2004-12-17 05:26:18 AM
cppbuilder14
In debugging a code I have the following line
printf( "%e", log(2.0) - log(2.0))
which should be zero. What I get is
-2.320193e-17
Any ideas?
 
 

Re:log(2.0)-log(2.0)

Quote
In debugging a code I have the following line

printf( "%e", log(2.0) - log(2.0))

which should be zero. What I get is

-2.320193e-17

Any ideas?
Look pretty close to zero to me ;^).
Look at these links:
docs.sun.com/source/806-3568/ncgTOC.html
Esp. Appendix D
Regards,
Bruce
 

Re:log(2.0)-log(2.0)

I understand floating point arithmetic, but the computer should still give
me zero in this case. The numbers are EXACTLY the same.
Cory
" Bruce Salzman" < XXXX@XXXXX.COM >wrote in message
Quote

>In debugging a code I have the following line
>
>printf( "%e", log(2.0) - log(2.0))
>
>which should be zero. What I get is
>
>-2.320193e-17
>
>Any ideas?

Look pretty close to zero to me ;^).

Look at these links:

docs.sun.com/source/806-3568/ncgTOC.html

Esp. Appendix D

Regards,
Bruce

 

{smallsort}

Re:log(2.0)-log(2.0)

On 2004-12-16 4:26 PM, cory wrote:
Quote
In debugging a code I have the following line

printf( "%e", log(2.0) - log(2.0))

which should be zero. What I get is

-2.320193e-17
Maybe the compiler is doing something like this,
which it is allowed to do:
set the floating-point hardware to use 80-bit
'long double' internally
have the floating-point hardware compute ln 2
and store that value into a double, which
loses some precision
have the floating-point hardware compute ln 2
and leave it on the floating-point stack
push the stored value onto the stack
subtract and pop the result into a double
Then the result would be something like
long double x0 = 0.693147180559945309417;
double x1 = 0.693147180559945;
double x3 = x1 - x0; // -0.000000000000000309...
which is about what you report. Of course, the lossy
conversion to double takes place in binary, so it
doesn't give a value exactly equal to the decimal
0.693147180559945; but I bet you can create a test
program this way that reproduces your observed
discrepancy exactly.
If you want the answer to be exactly zero, then store
intermediate values into doubles. There are probably
compiler options to force such stores, but writing it
explicitly is more portable.
 

Re:log(2.0)-log(2.0)

"cory" < XXXX@XXXXX.COM >wrote in message
Quote
I understand floating point arithmetic, but the computer should still
give me zero in this case. The numbers are EXACTLY the same.

Intuitively, I agree. But floating point math on a computer isn't
always intuitive.
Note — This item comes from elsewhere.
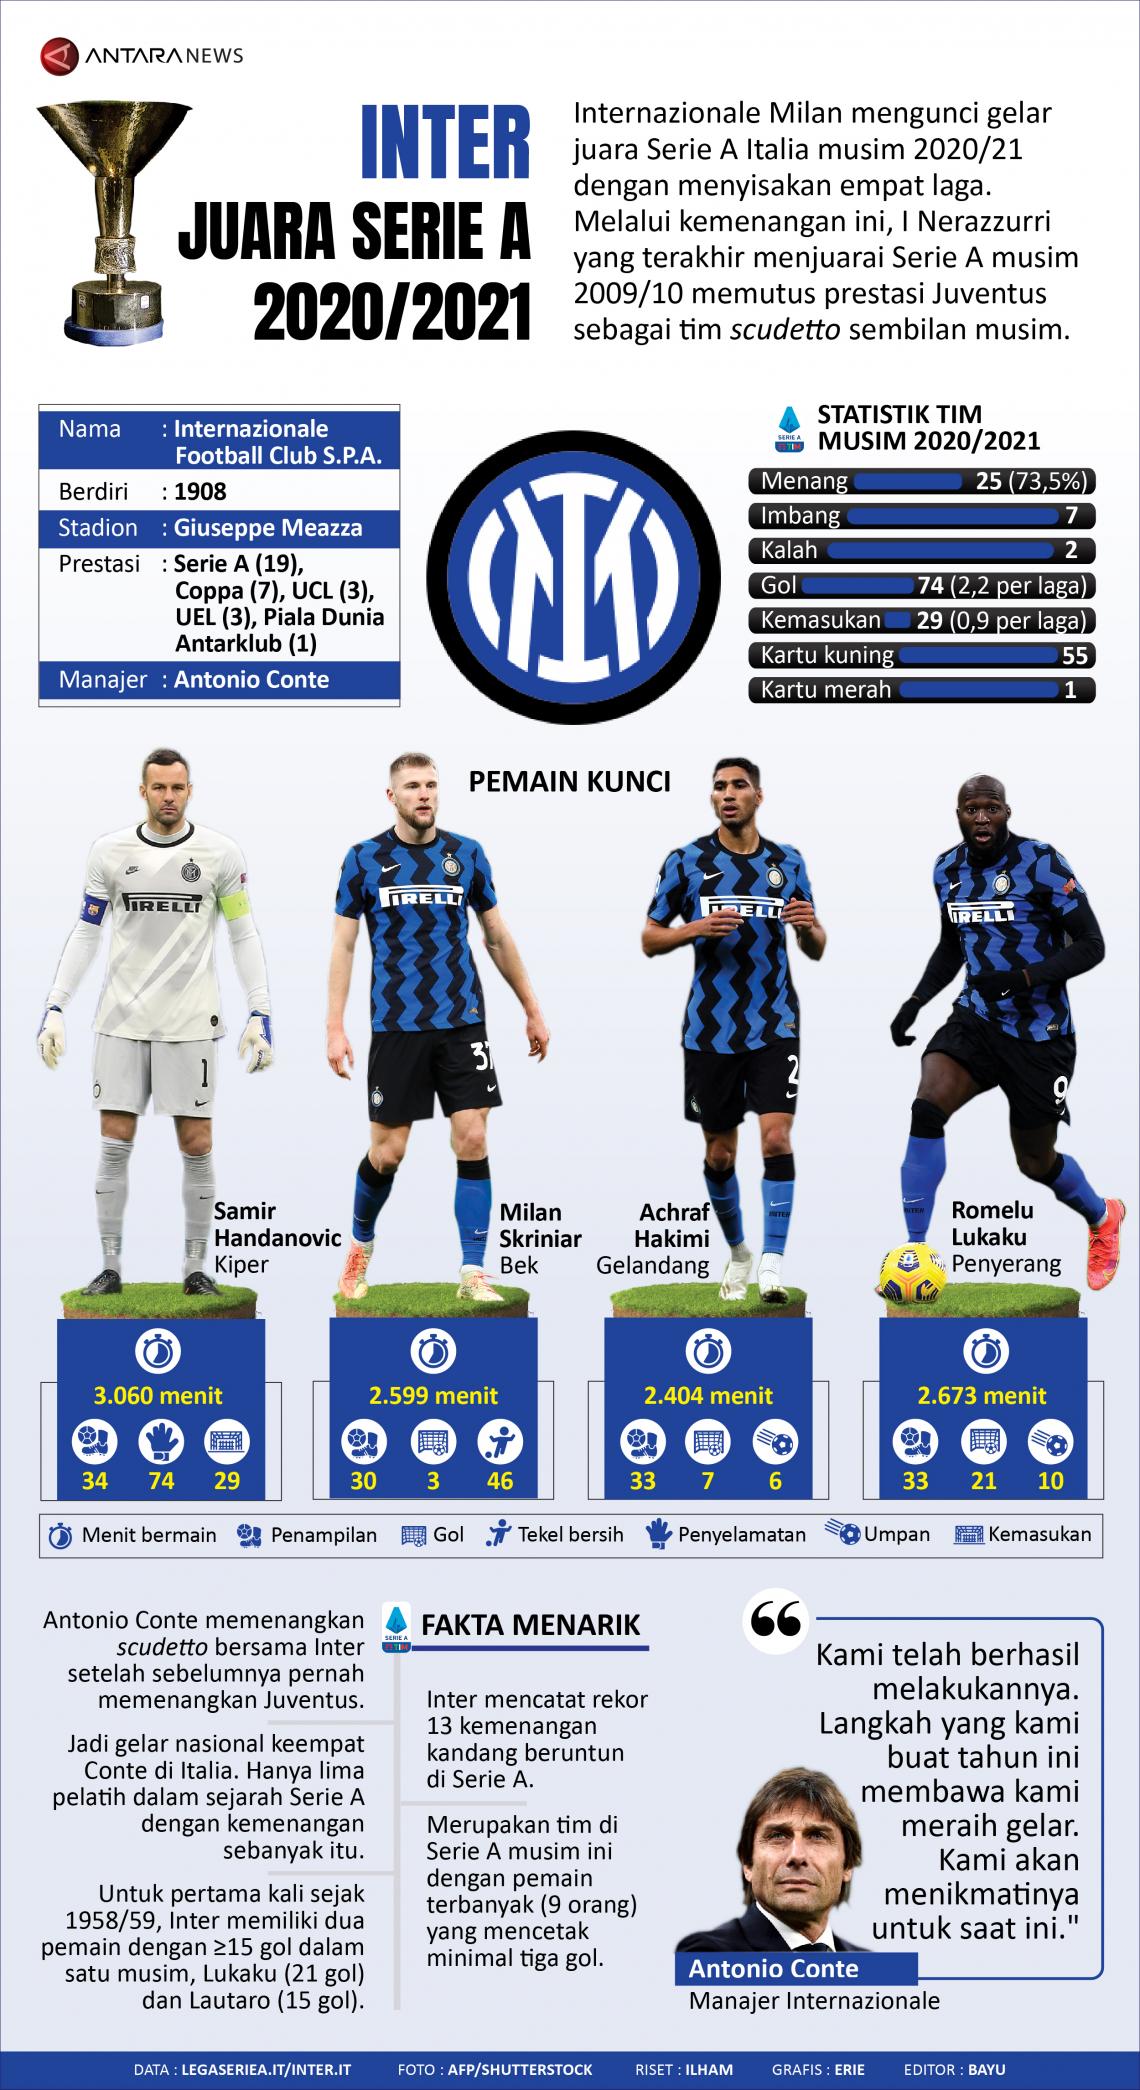 Inter juara Serie A 2020/2021

Things like
x*y != y*x
or
x < y but 1.0 * x>y
happen.
If you want to test for equality, or test the results of a computation
for zero, it is usually advisable to use a threshold.
See Greg's answer for an explanation of what is no doubt happening in
your example.
HTH,
Bruce
 

Re:log(2.0)-log(2.0)

Quote
I understand floating point arithmetic, but the computer
should still give me zero in this case. The numbers
are EXACTLY the same.
I don't think so.
Intermediate results in the floating point coprocessor
are handled in a register which has extra length for
maintaining precision. Because of the way you formed
the expression in your code one of the terms in that
expression is in that intermediate register and the
other is not. Have the compiler create an assembly
source file from your code and read the processor
instructions.
support.intel.com/design/PentiumIII/documentation.htm
docs.sun.com/source/806-3568/ncg_goldberg.html
www.math.grin.edu/~stone/courses/fundamentals/IEEE-reals.html
docs.sun.com/app/docs/doc/800-7895/6hos0aou4
. Ed
Quote
cory wrote in message
news: XXXX@XXXXX.COM ...
 

Re:log(2.0)-log(2.0)

I ran a little test and you are correct. Thanks for pointing that out.
Cory
"Greg Chicares" < XXXX@XXXXX.COM >wrote in message
Quote
On 2004-12-16 4:26 PM, cory wrote:

>In debugging a code I have the following line
>
>printf( "%e", log(2.0) - log(2.0))
>
>which should be zero. What I get is
>
>-2.320193e-17

Maybe the compiler is doing something like this,
which it is allowed to do:

set the floating-point hardware to use 80-bit
'long double' internally
have the floating-point hardware compute ln 2
and store that value into a double, which
loses some precision
have the floating-point hardware compute ln 2
and leave it on the floating-point stack
push the stored value onto the stack
subtract and pop the result into a double

Then the result would be something like
long double x0 = 0.693147180559945309417;
double x1 = 0.693147180559945;
double x3 = x1 - x0; // -0.000000000000000309...
which is about what you report. Of course, the lossy
conversion to double takes place in binary, so it
doesn't give a value exactly equal to the decimal
0.693147180559945; but I bet you can create a test
program this way that reproduces your observed
discrepancy exactly.

If you want the answer to be exactly zero, then store
intermediate values into doubles. There are probably
compiler options to force such stores, but writing it
explicitly is more portable.